Photo taken by Ian Tan
As a young teenager, I attended a women’s Bible study with my mother where I observed, listened to, and learned from other women who had more life experience. As I studied the Bible alongside these women and heard them discuss difficult biblical topics as well as share about their trials, there was one person who stood out.
Her name was Rita, and she was the Bible study leader.
Rita was always slow to speak (1:19); patiently waiting; listening to and considering the thoughts of others; weighing what they said; seeking to learn yet discerning whatever was said, to make sure it was aligned with Scripture. Whenever the conversation turned into something that wasn’t edifying, Rita would gently direct the discussion back to focus on God.
Rita’s words and actions gave me a glimpse of what heavenly wisdom ought to be like.
Her life exemplified some of the characteristics that are found in James 3:17-18.
Pure: It means untainted. It involves a resolute commitment to keep oneself wholly clean from any form of defilement, such as “bitter jealousy and selfish ambition” (3:14), as mentioned in the previous verses.
Peace loving: It literally means peaceful. A peaceful spirit is one that longs for peace and rejoices in making peace. This can be difficult to practice, especially when conversing with people who hold varying opinions.
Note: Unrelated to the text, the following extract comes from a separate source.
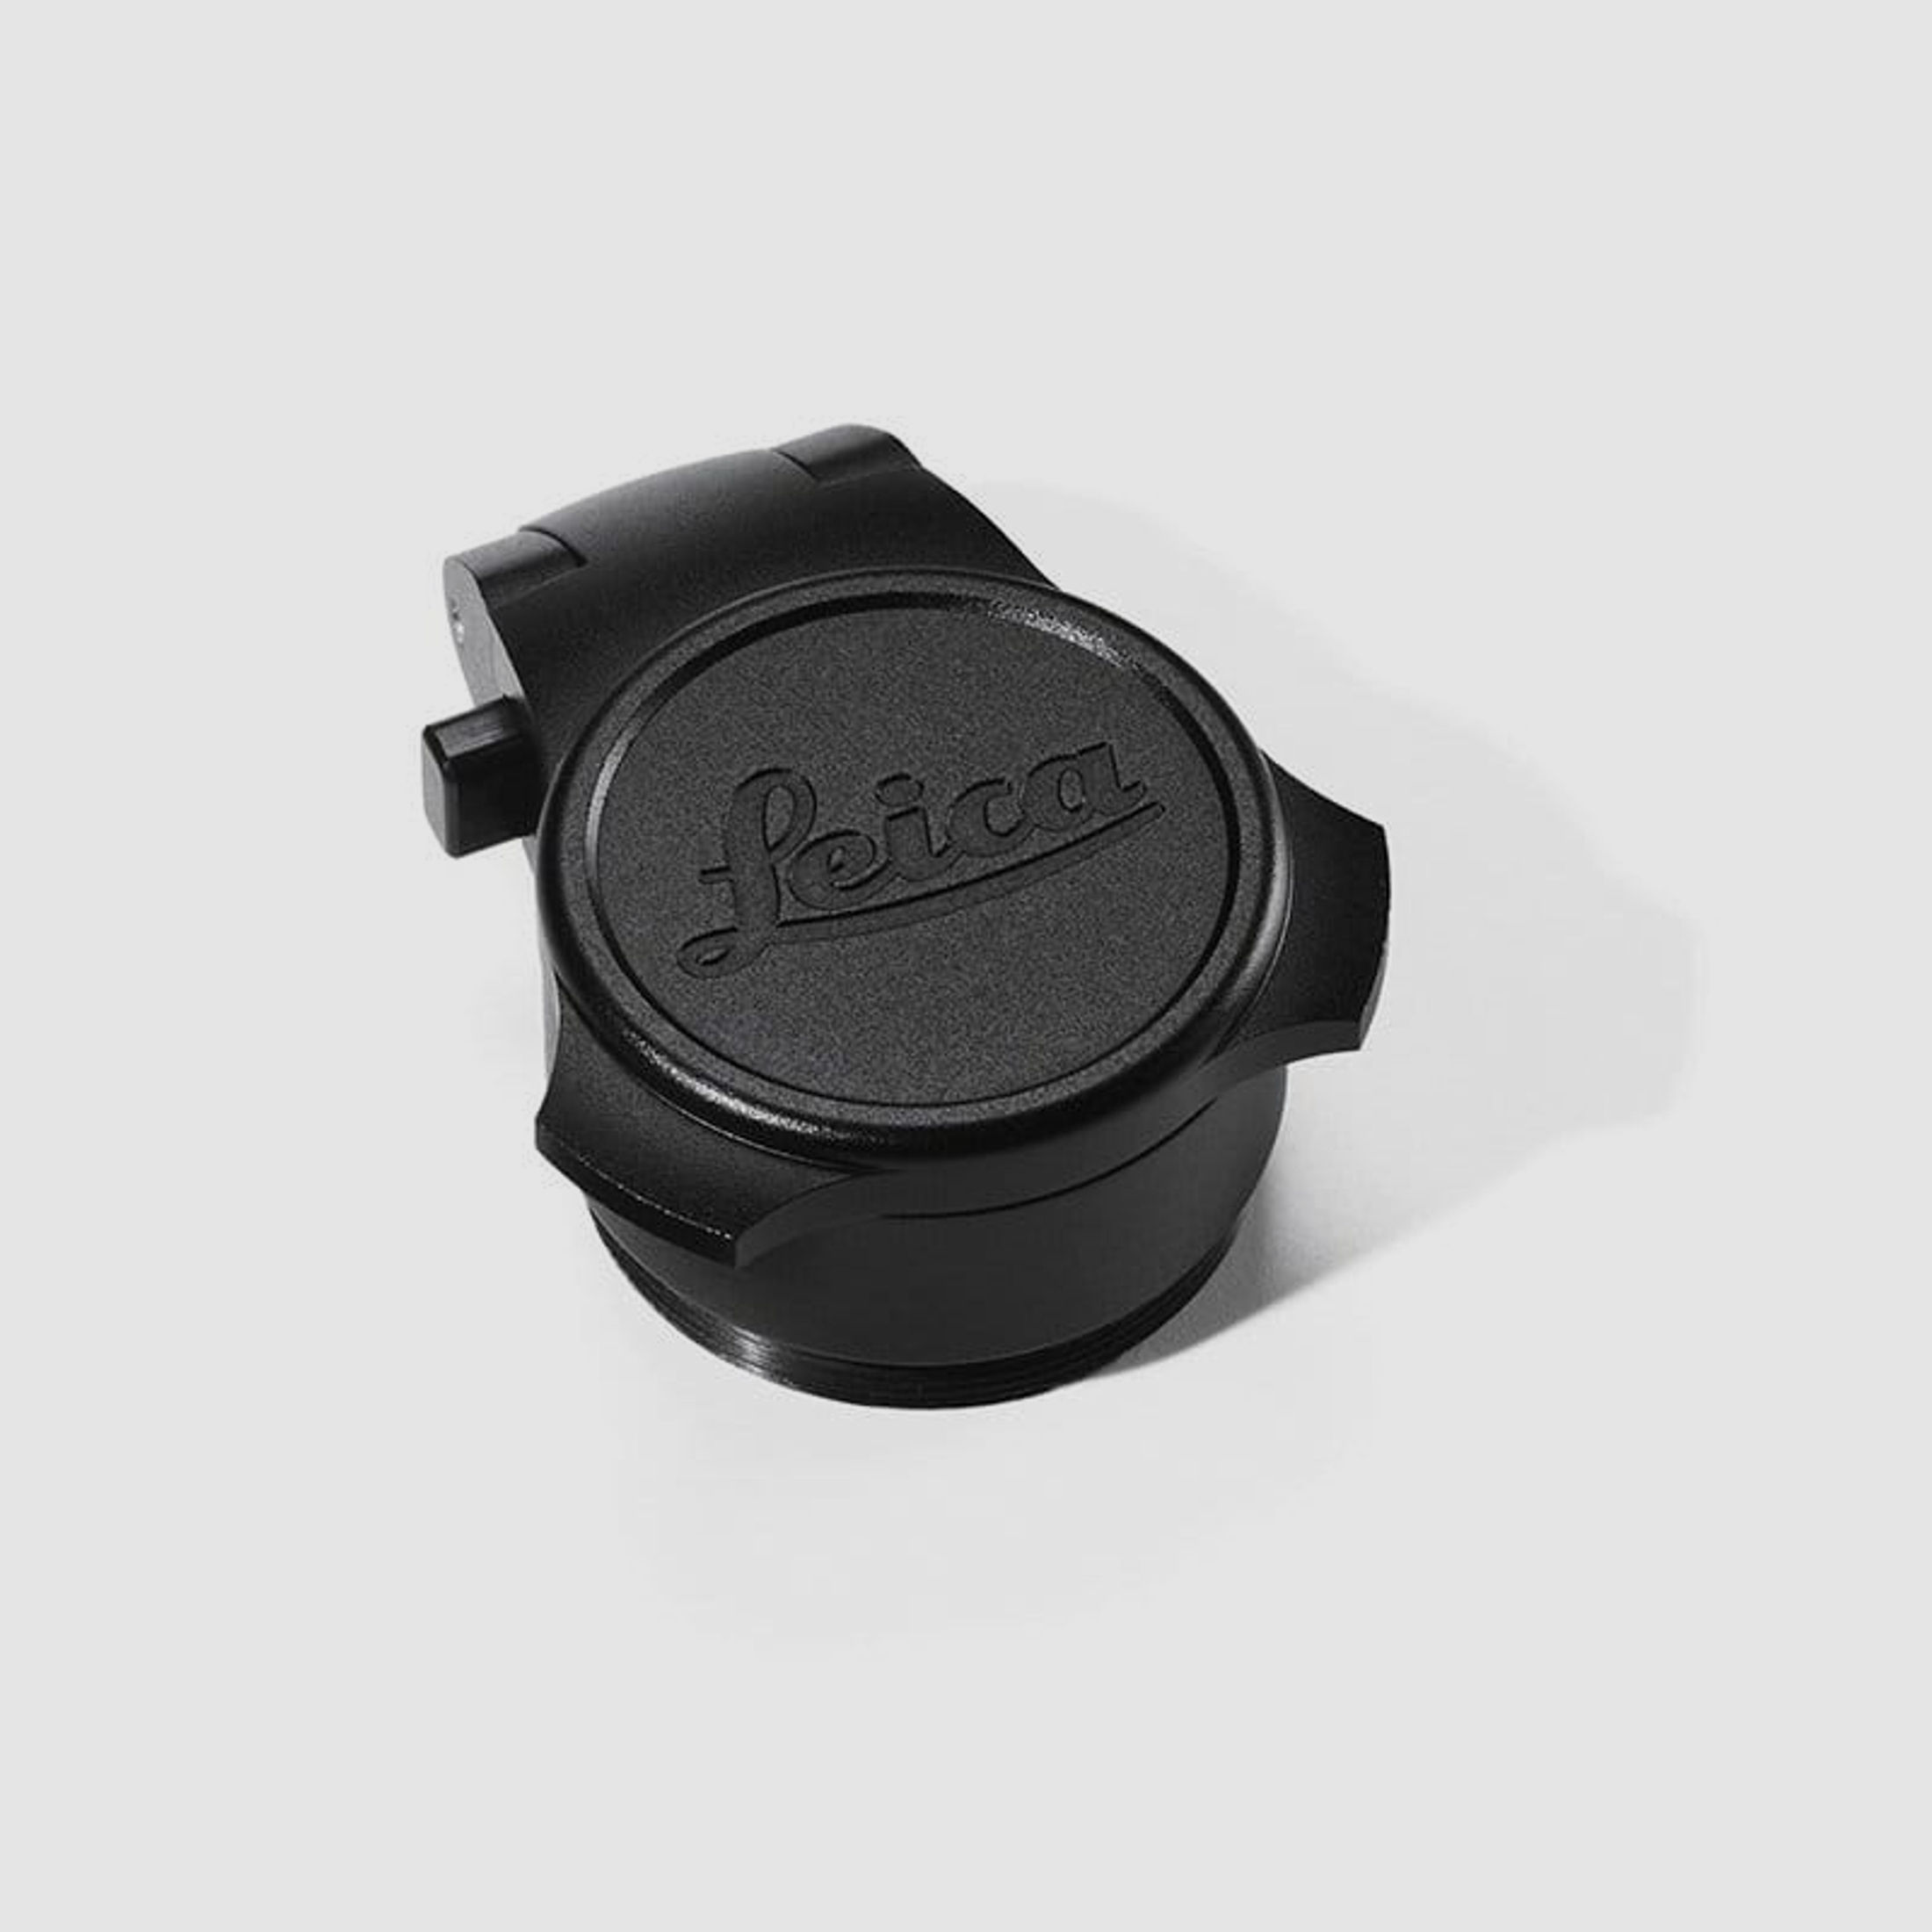 Leica Objektiv Flip Cap für Magnus i und Fortis 6

Considerate: As fallen human beings, we make mistakes. To practice consideration means to gently point the other person to the right path without making them feel bad about their weaknesses or ignorance. It means to think kindly of another.
Submissive: This refers to an openness in listening to others and a willingness to submit oneself to being persuaded when it’s based on reason and biblical principles. It entails a humble attitude to change one’s mind if found proven wrong. It is having a teachable, open spirit.
Mercy and good fruit: This is not simply pity and sympathy, but compassion in action. In Galatians 5:22-23, the fruit of the Spirit is listed as “love, joy, peace, forbearance, kindness, goodness, faithfulness, gentleness and self-control.” Each of these qualities involves action.
Impartial: This means to show no favoritism. As we relate to the world and people around us, we are to be fair and equal in our treatment toward all—just as God would.
Sincere: Without hypocrisy. A person who embodies sincerity is transparent—what you see is what you get. They are ready to admit that they are not perfect, and they do their best to uphold their values.
James concludes this passage by speaking of the fruit of heavenly wisdom—righteousness.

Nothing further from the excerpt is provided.